Amid the excitement of seeing this state-of-the-art system, the raccoon looked at me with their synthetic, AI-generated eyes as if asking, "what kind of art am I? Am I even real?"

"Of course!" I replied, "what's a better representation of reality than an art built of fragmented, out-of-context information and influenced by the preexisting societal dynamics of our time?"

Is it art?

My perception of AI-generated photos as magical is driven by the fascination that machines – previously perceived as merely computational – have now learned to make sense of our language. Let alone be creative.


But as my excitement around AI image-generating platforms grew, so did the public debate around its legitimacy. When an "AI-generated picture won an art prize," many did not see it as magical but artificial. After all, a synthetic means of creation can never be as real as human creativity. Right?

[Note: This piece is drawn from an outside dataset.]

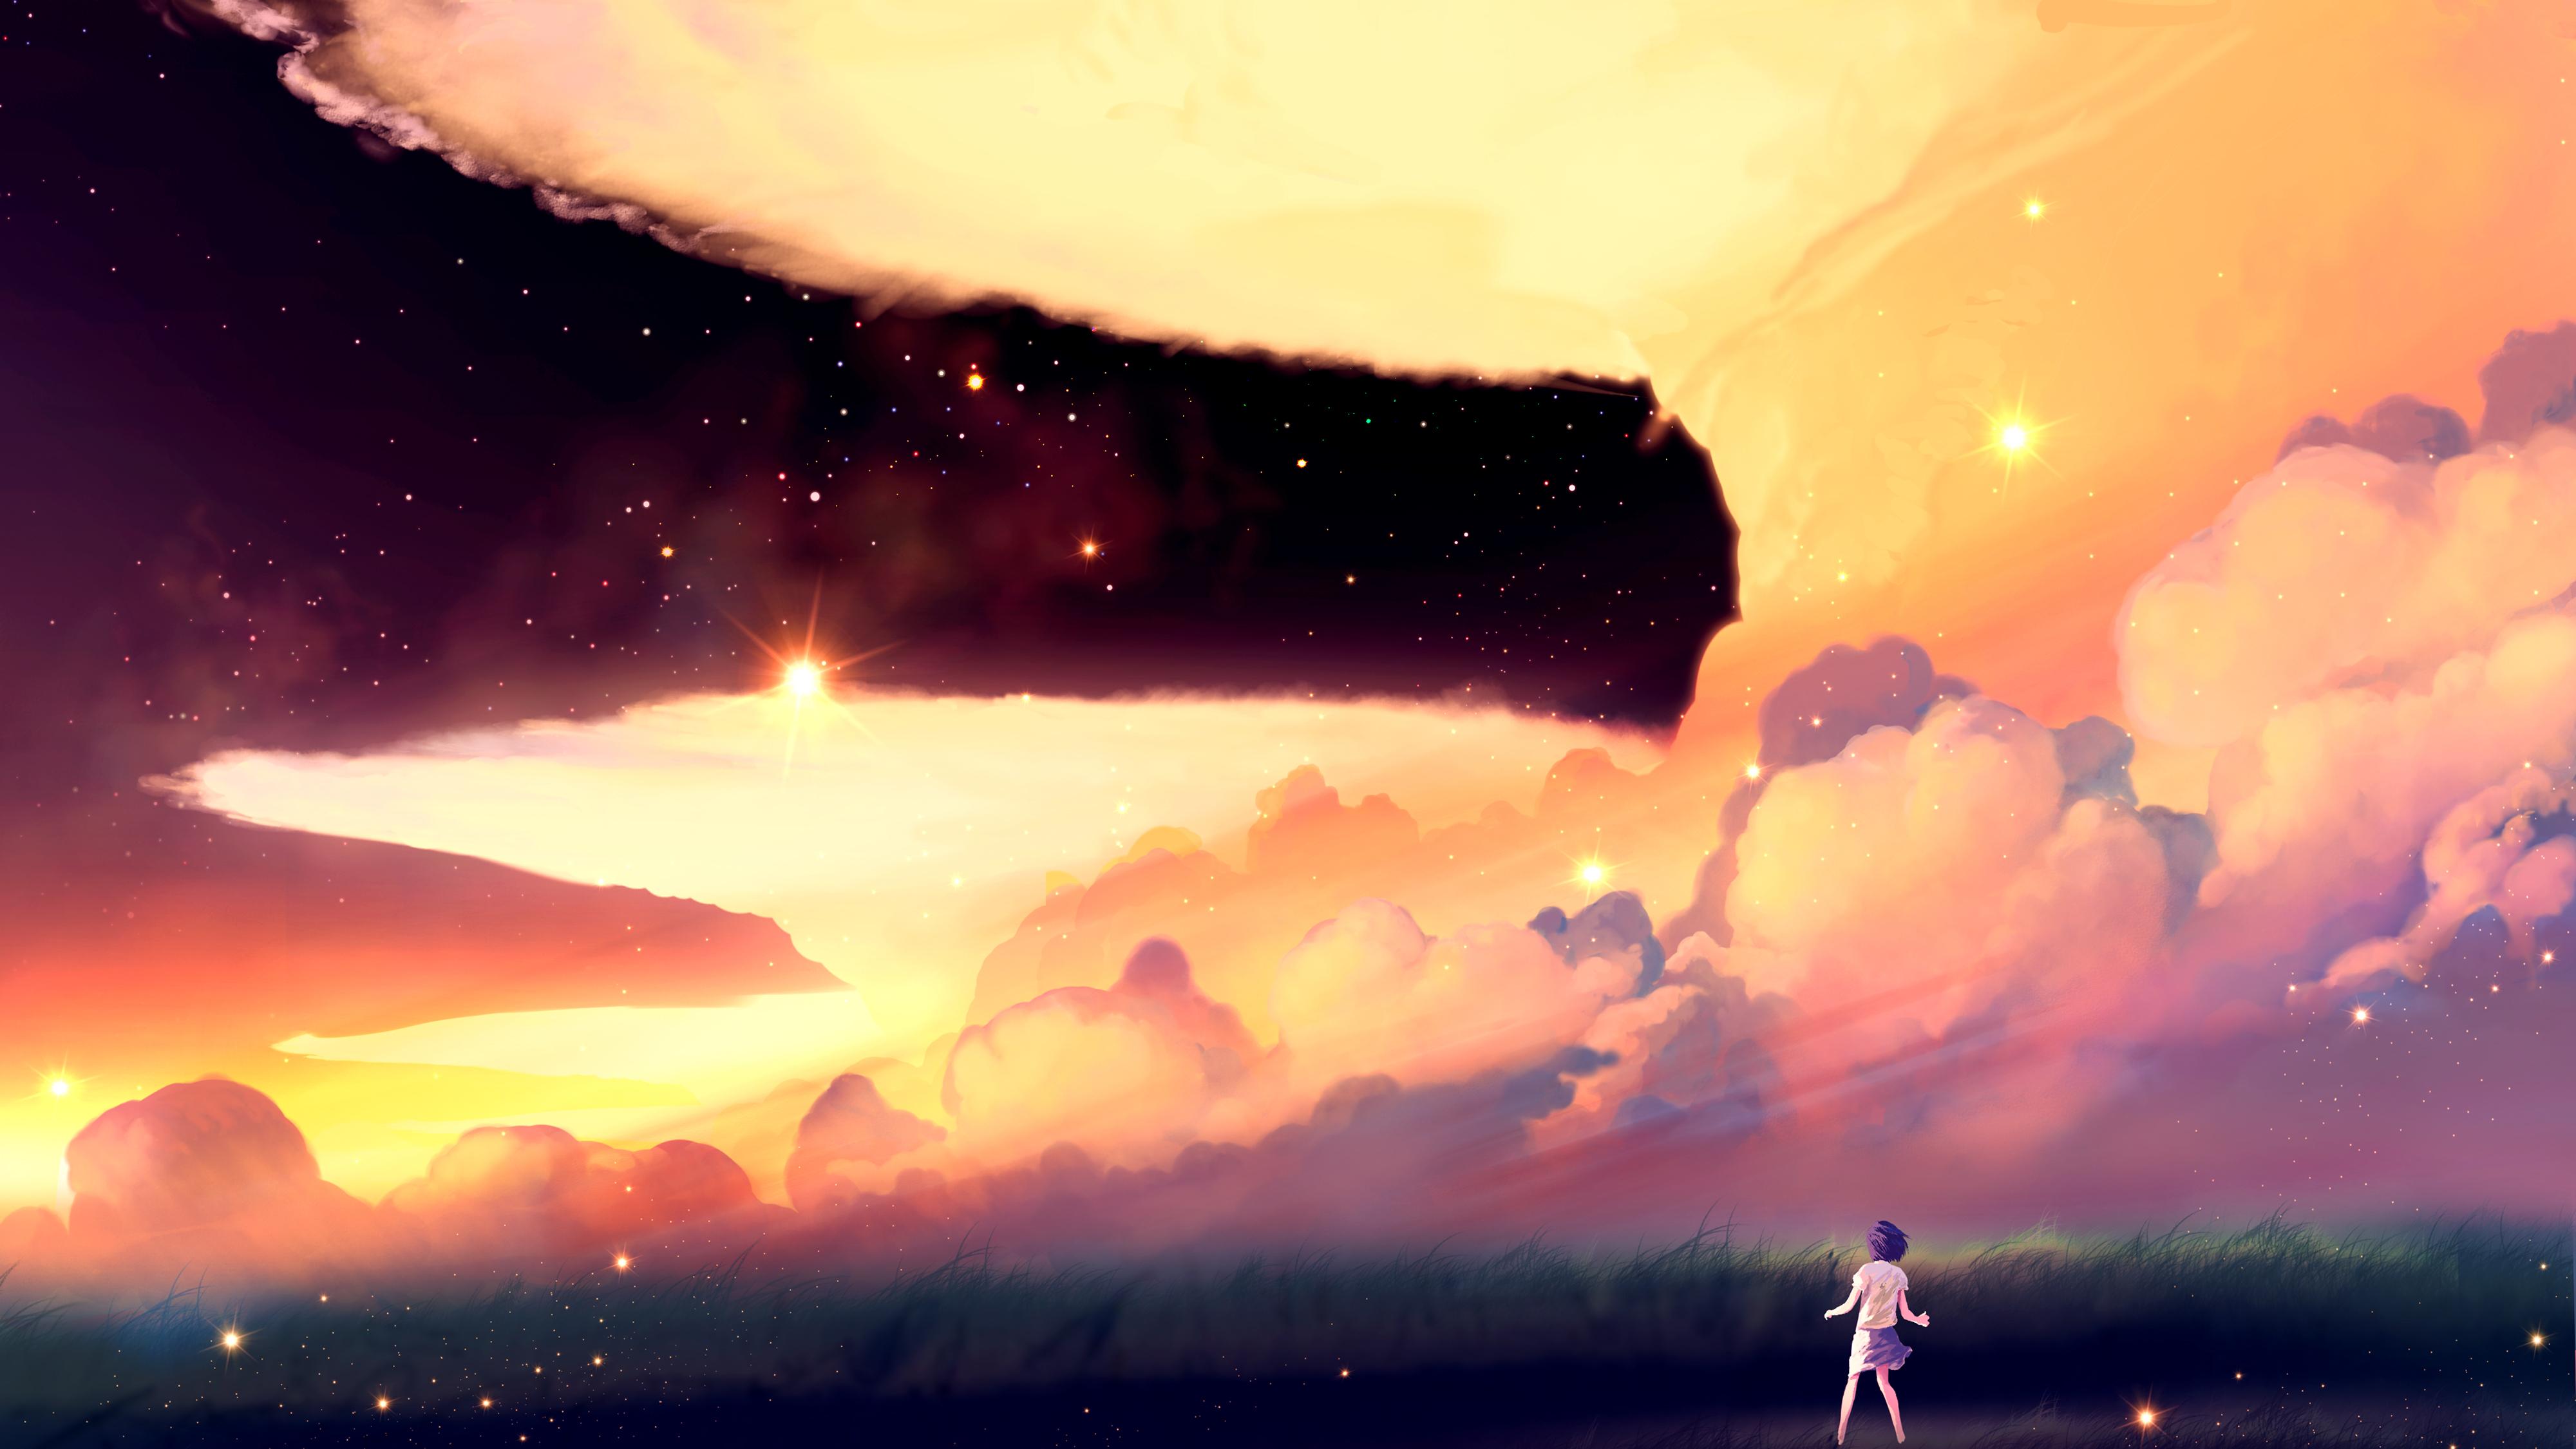 女孩 天空 星星 云彩 4K动漫壁纸插图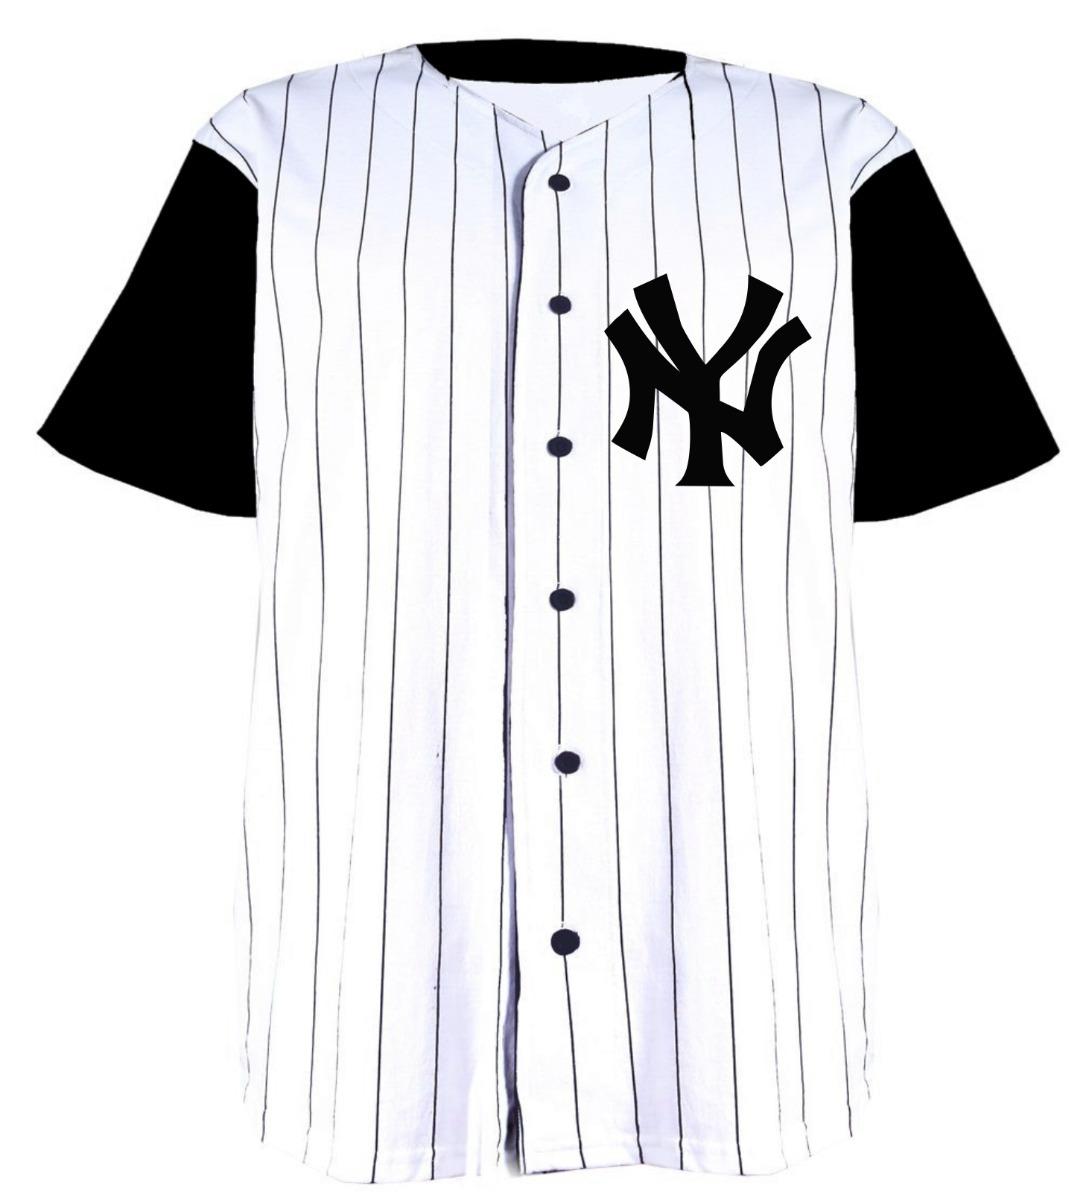 4009aa550739e1 Jersey Camisola Beisbol Ny - $ 350.00 en Mercado Libre

To answer that, we need to understand what AI is – not in the technical sense, but the social sense. In her book Atlas of AI, Kate Crawford argues that "AI is neither artificial nor intelligent. Rather, artificial intelligence is both embodied and material, made from natural resources, fuel, human labor, infrastructures, logistics, histories, and classifications". In other words, AI is not this mysterious system sitting in the "cloud", but a human-made system that is influenced by the social and political forces of our society. Furthermore, Crawford claims that in the process of collecting data, it is often stripped away from its original context. The data then is given a new meaning in the classification process, which can reinforce biases and other historical influences.

Looking at "AI art" from this perspective strips away some of its magic. It raises questions about how the millions of images used to train DALL-E 2 were chosen. Which images were not chosen? How where they classified? Which biases were taken into account? What do the images that AI systems produce really represent?

Is it real?

The medium of AI-generated photos will never generate "real" images, but so do human-taken images. In her 1977 text, In Plato's Cave, Susan Sontag addressed this question of "realness" in photography and stated that "photographs are as much an interpretation of the world as paintings and drawings are." That is because, she explains, in capturing photographs, the photographer frames the world, leaving most of the image outside the camera's lens.

Using Sontag's logic, one might argue that synthetic media (with AI-generated images included) drives humans even further away from reality, as it blends millions "of interpretations of realities" into something entirely out of context. I, however, believe it is not the case. Instead, synthetic media presents a new kind of realness – one that does not come from the observation and interpretation of a single artist but a collection of all the data used to create it and the influence of those who classify it.

The image of the raccoon playing the banjo on a boat is all the images that were chosen to train DALL-E 2. It is the representation of all the images that did not make it. It portrays the way the people at Open AI classified the data.

If our online communication is fragmented and lacks context, so does the data used for AI art.

If our society is prone to biases, so does how we classify images.


If anything, this raccoon conveys meaningful messages about our culture in a more real way than many other art forms.



References:

  1. https://openai.com/dall-e-2/

  2. Roose, Kevin. An A.I.-Generated Picture Won an Art Prize. Artists Aren’t Happy. New York Times, 2022.

  3. Crawford, Kate. Atlas of AI. Yale University Press, 2021.

  4. Sontag, Susan. On Photography. New York: Delta Books, 1977, pp. 3-24.